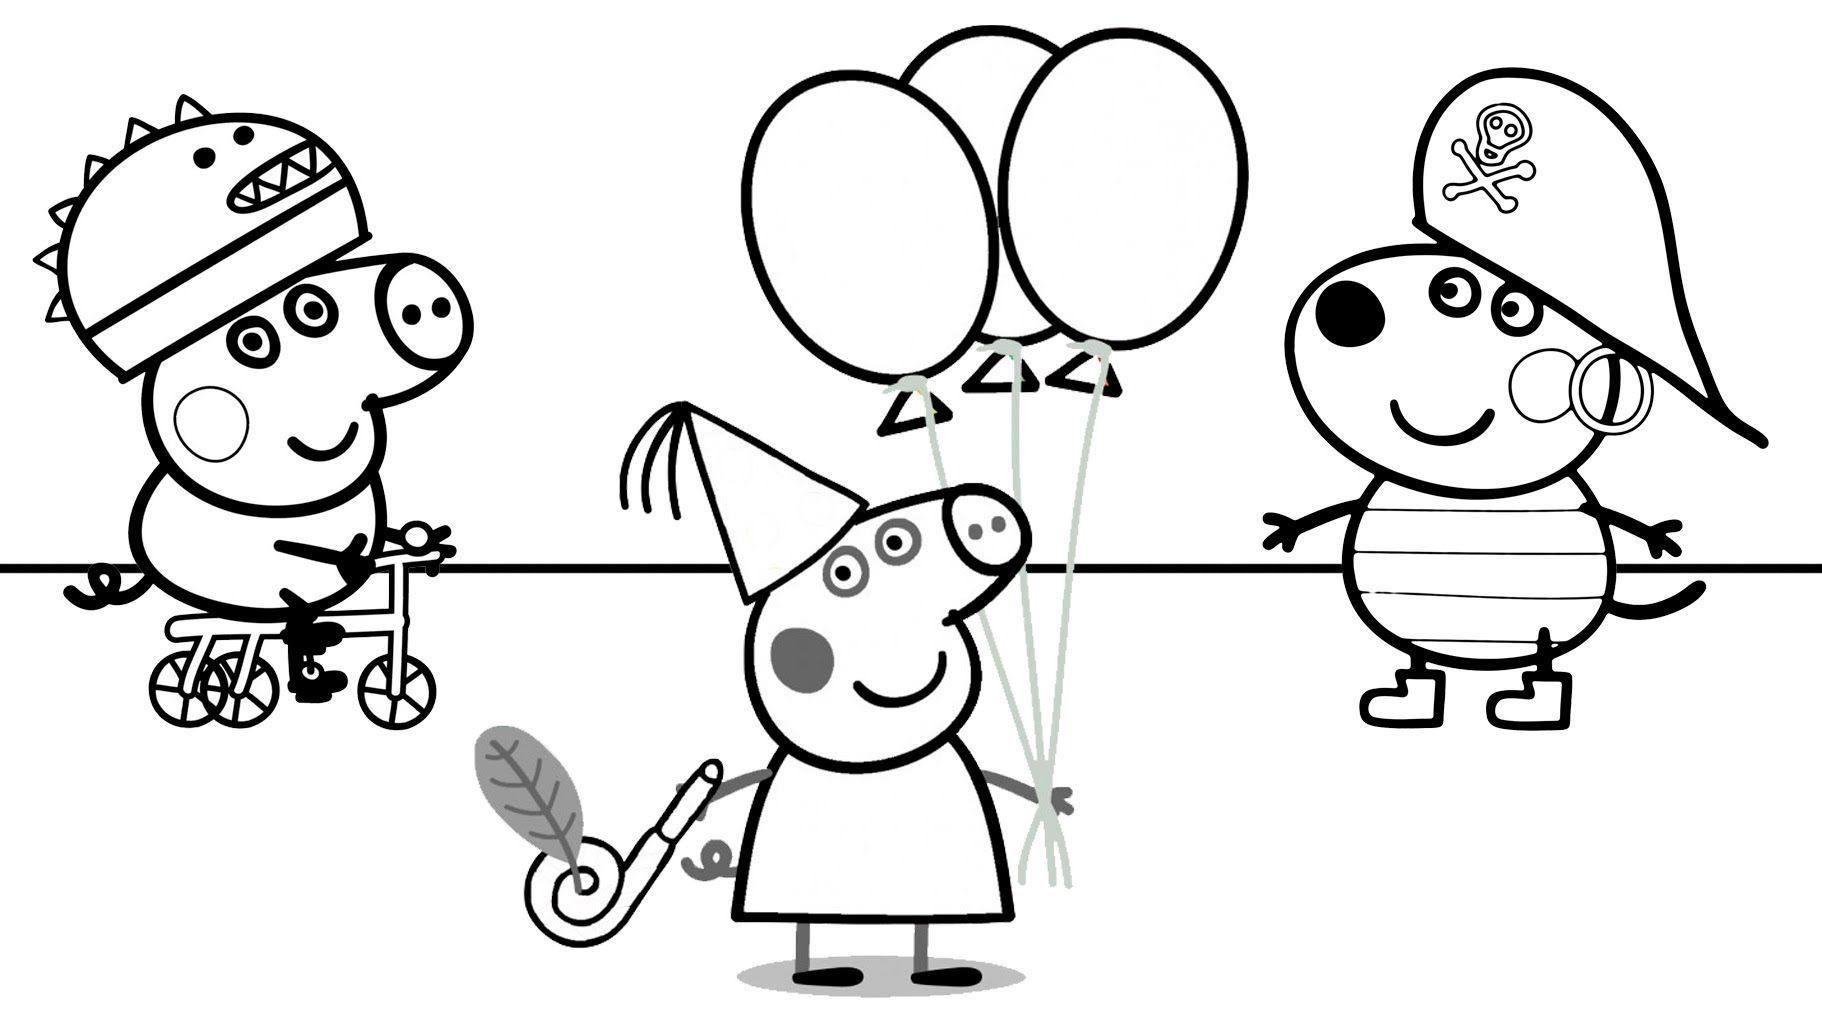 Dibujos Para Colorear Peppa Pig Halloween Imagesacolorierwebsite
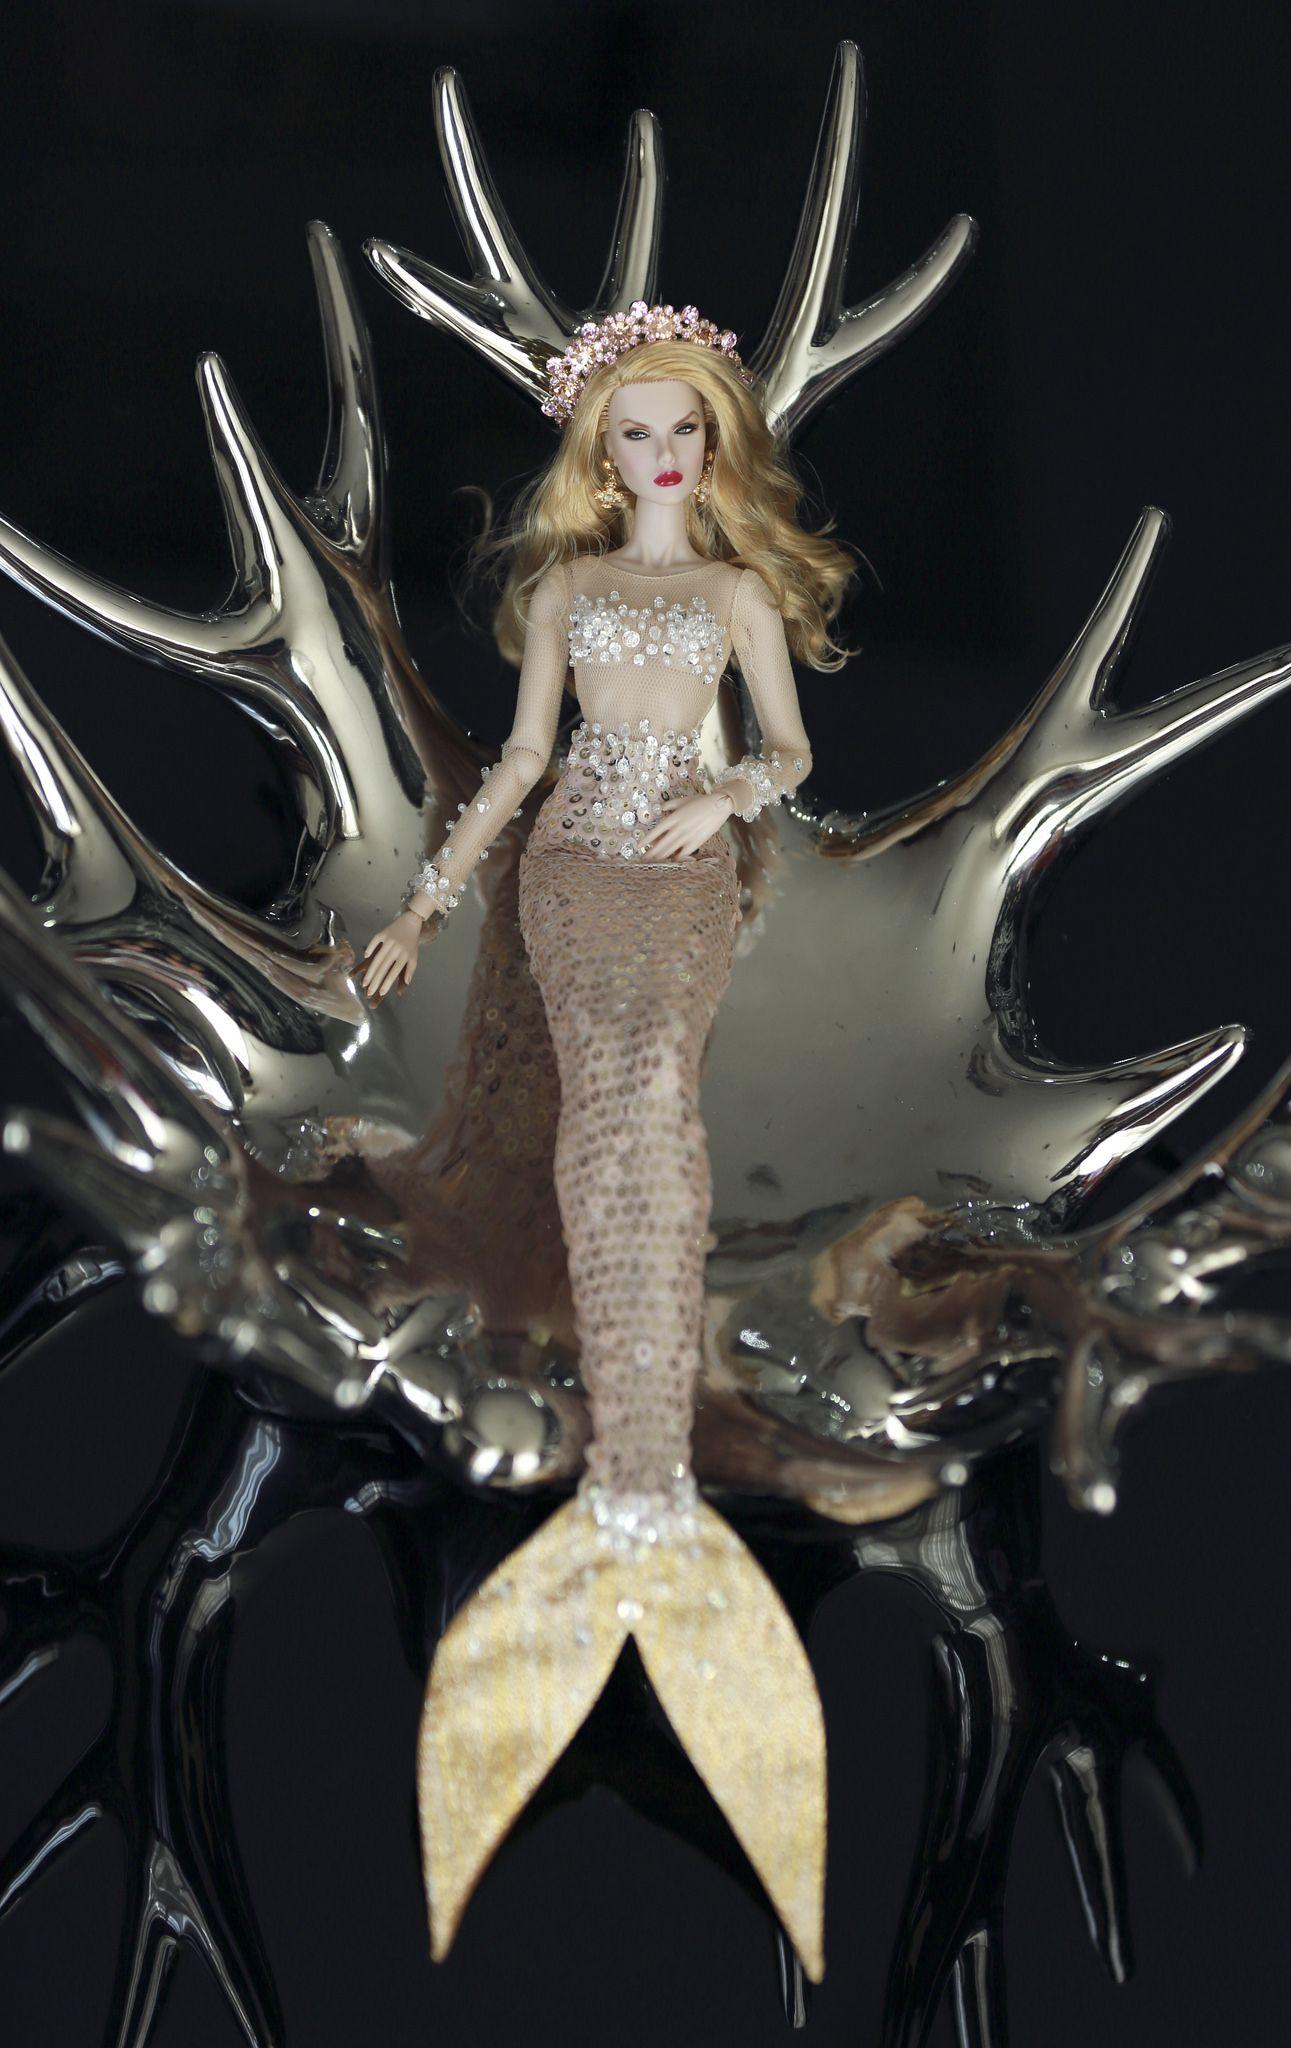 Dasha Mermaid Outfit By Rimdoll Barbie Fashion Royalty Mermaid Barbie Barbie Miss
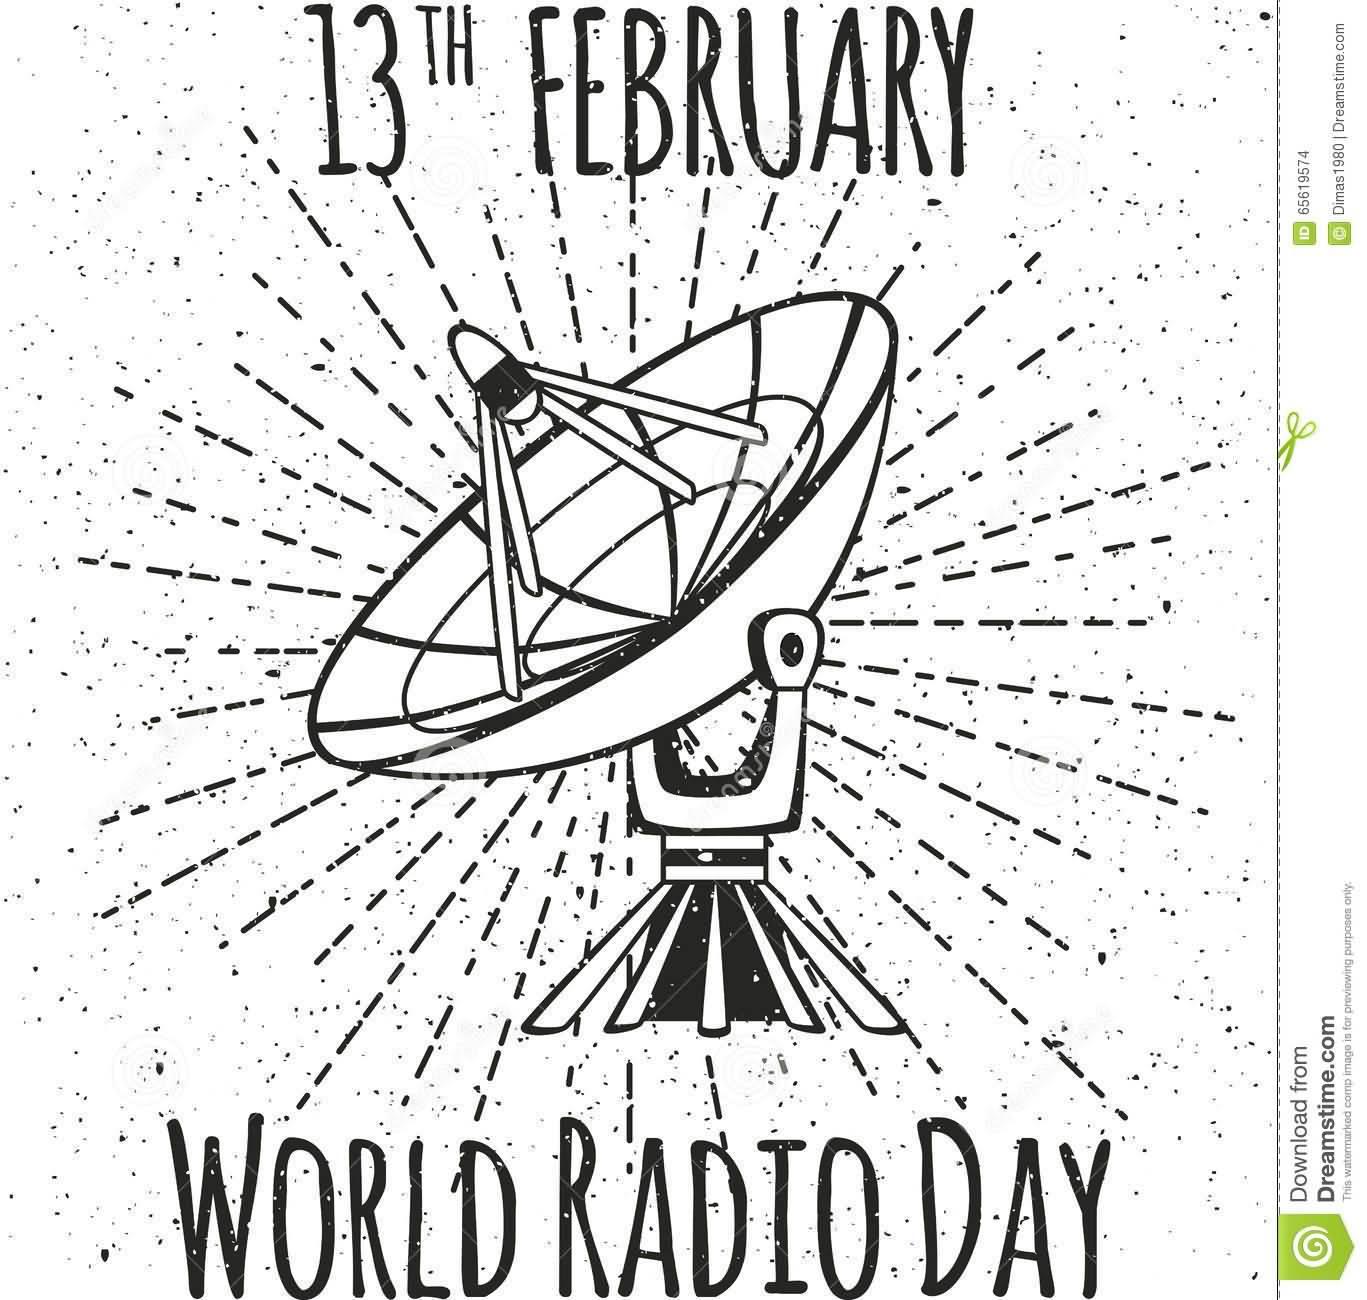 13th February World Radio Day

========

Your goal:
Make an exact copy of the listing above. Its pictures are not needed.

Solution to this task:
 Dibujos Para Colorear Peppa Pig Halloween Imagesacolorierwebsite
 Dasha Mermaid Outfit By Rimdoll Barbie Fashion Royalty Mermaid Barbie Barbie Miss
 13th February World Radio Day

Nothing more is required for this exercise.